Random forest works as a map-reduce program, but that does not produce
arbitrary scalability.

The Naive Bayes classifier is relatively natural as a map-reduce program
and has a map-reduce version.

The linear classifiers like linear regression do not have map-reduce
versions (yet) since there is some difficulty in getting these to work well.

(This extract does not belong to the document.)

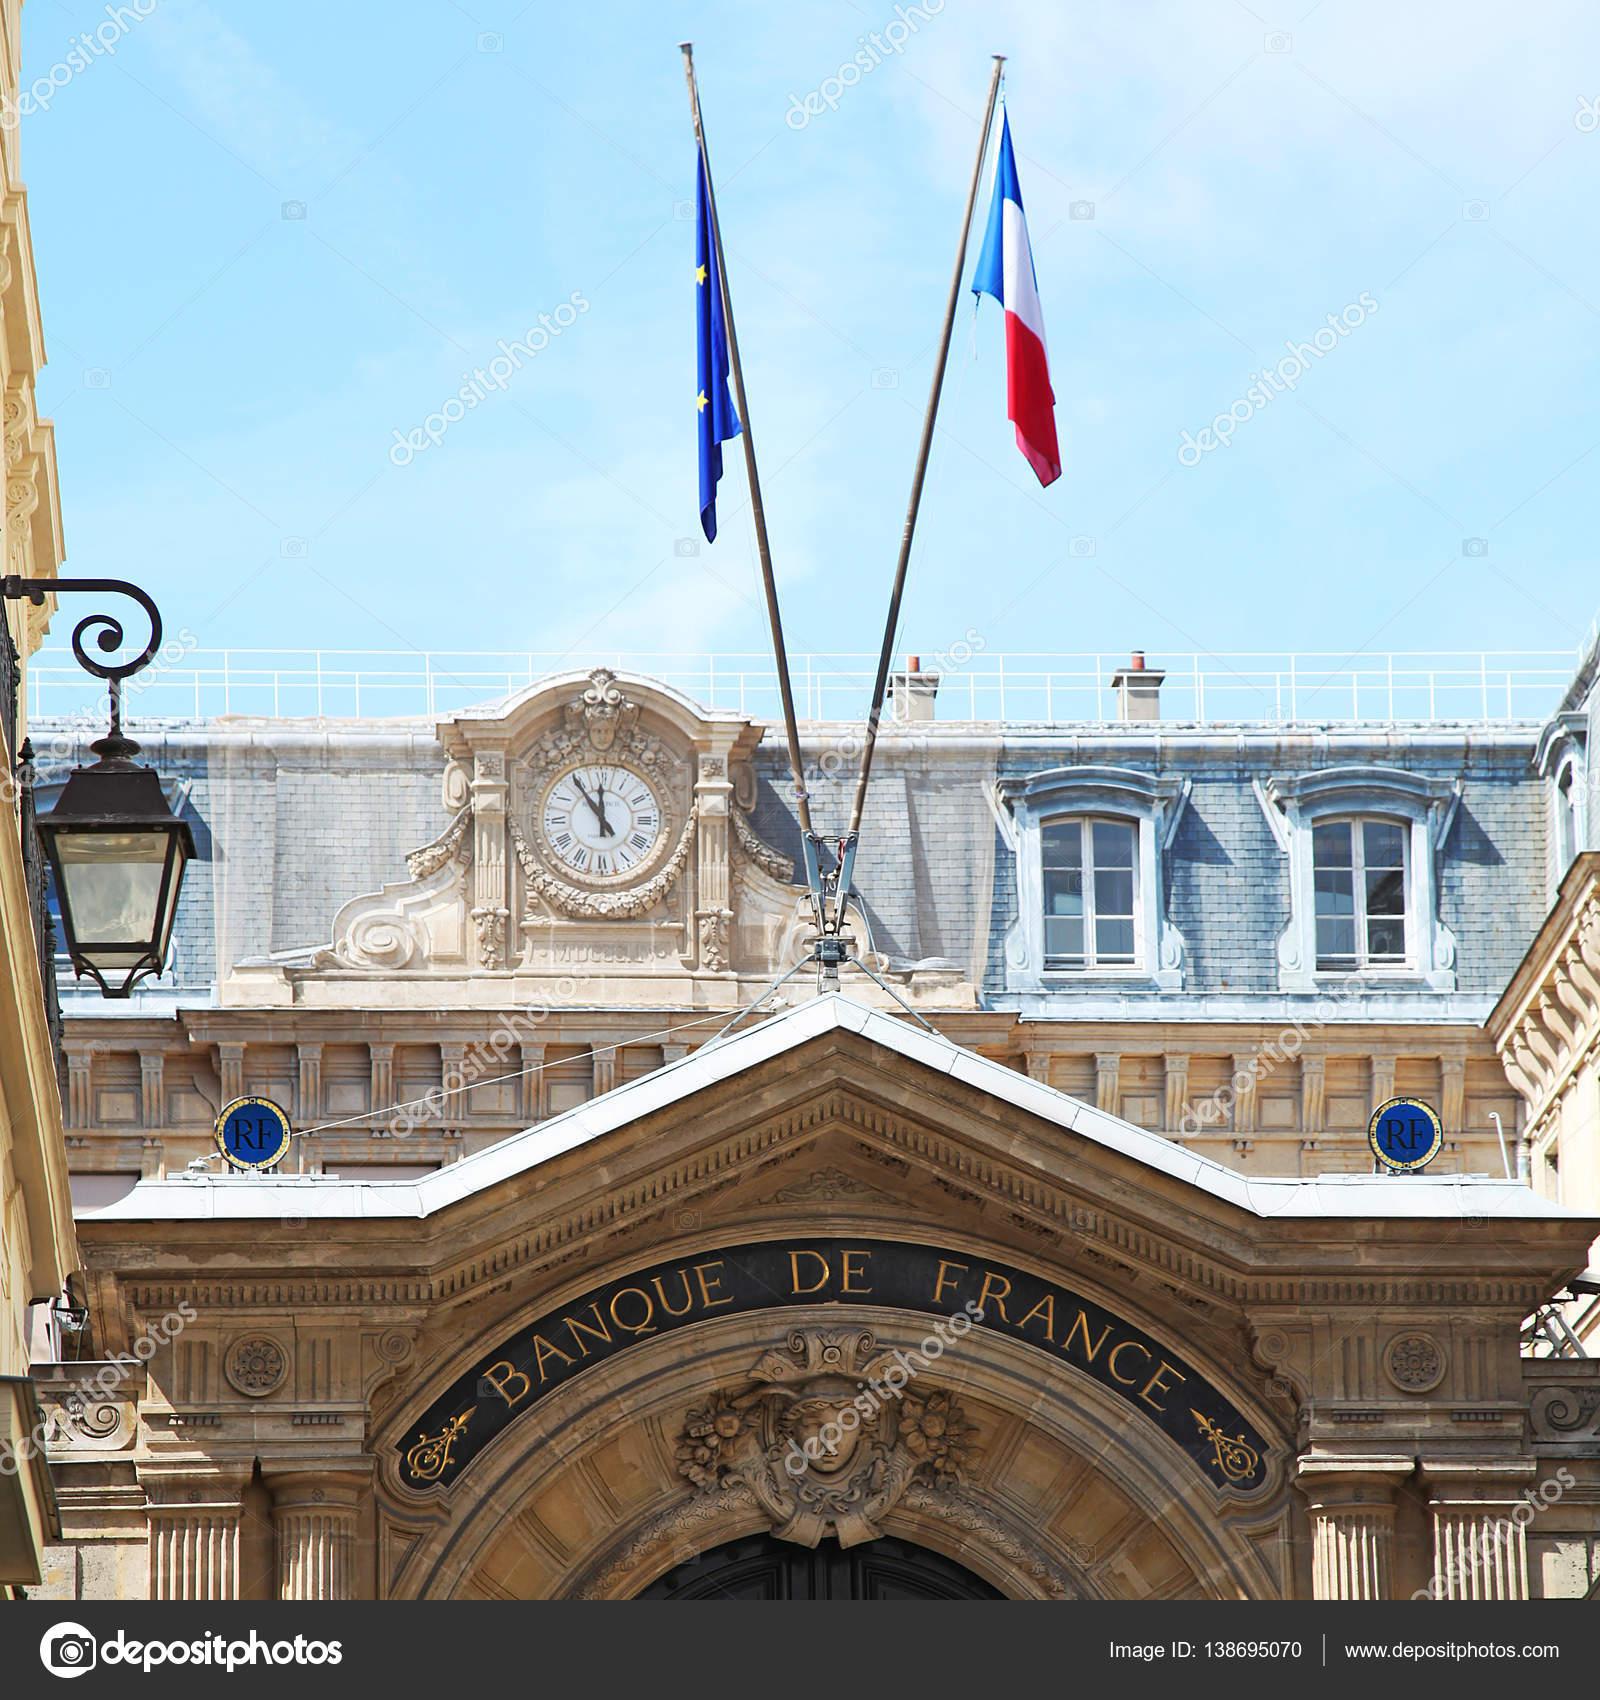 23afe01fa3f La Banque de France est la Banque centrale de la France — Photo ...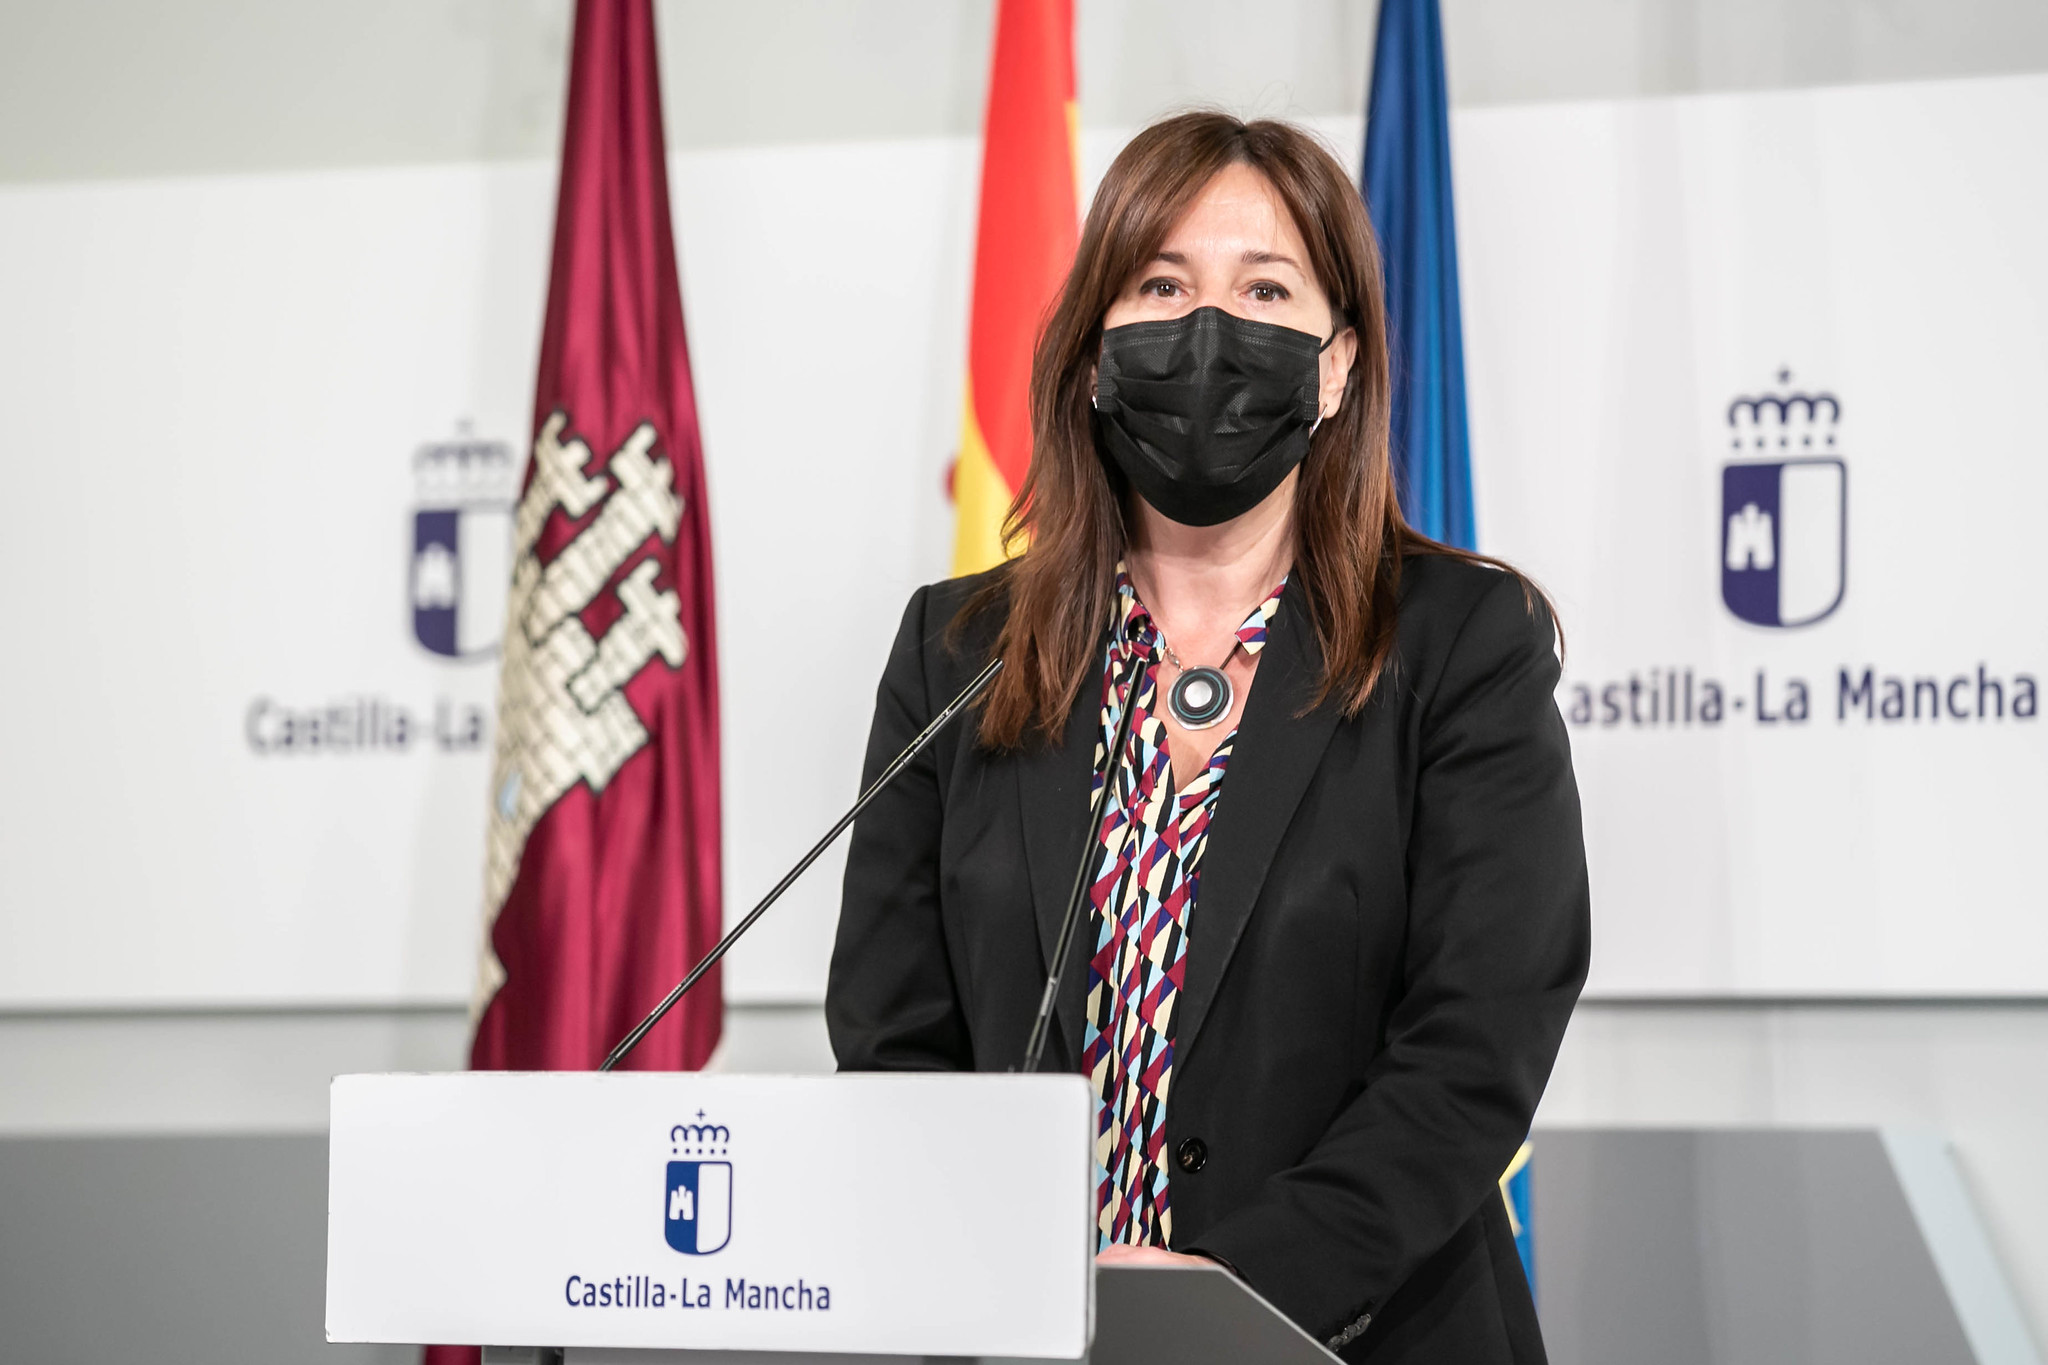 El Consejo de Gobierno aprueba el Proyecto de Ley por el que se crea el Colegio Oficial de Licenciados y Graduados en Ciencias Ambientales de Castilla-La Mancha

On Sun, Dec 25, 2011 at 5:59 AM, Lingxiang Cheng
<li...@yahoo.com>wrote:

> Hi,
>
>    I am a newbie to Mahout. When I was reading the book "Mahout in
> Action", I found chapters talking about how clustering naturally fit into
> Map/Reduce framework, but I did not see the same claim for classifiers.
> Does it involve a lot of work to make classifiers like random forest work
> with Hadoop?
>
> Thanks!
> Lingxiang Cheng

Re: Mahout classifier on Hadoop

Posted by Ted Dunning <te...@gmail.com>.
Random forest works as a map-reduce program, but that does not produce
arbitrary scalability.

The Naive Bayes classifier is relatively natural as a map-reduce program
and has a map-reduce version.

The linear classifiers like linear regression do not have map-reduce
versions (yet) since there is some difficulty in getting these to work well.

On Sun, Dec 25, 2011 at 5:59 AM, Lingxiang Cheng
<li...@yahoo.com>wrote:

> Hi,
>
>     I am a newbie to Mahout. When I was reading the book "Mahout in
> Action", I found chapters talking about how clustering naturally fit into
> Map/Reduce framework, but I did not see the same claim for classifiers.
> Does it involve a lot of work to make classifiers like random forest work
> with Hadoop?
>
> Thanks!
> Lingxiang Cheng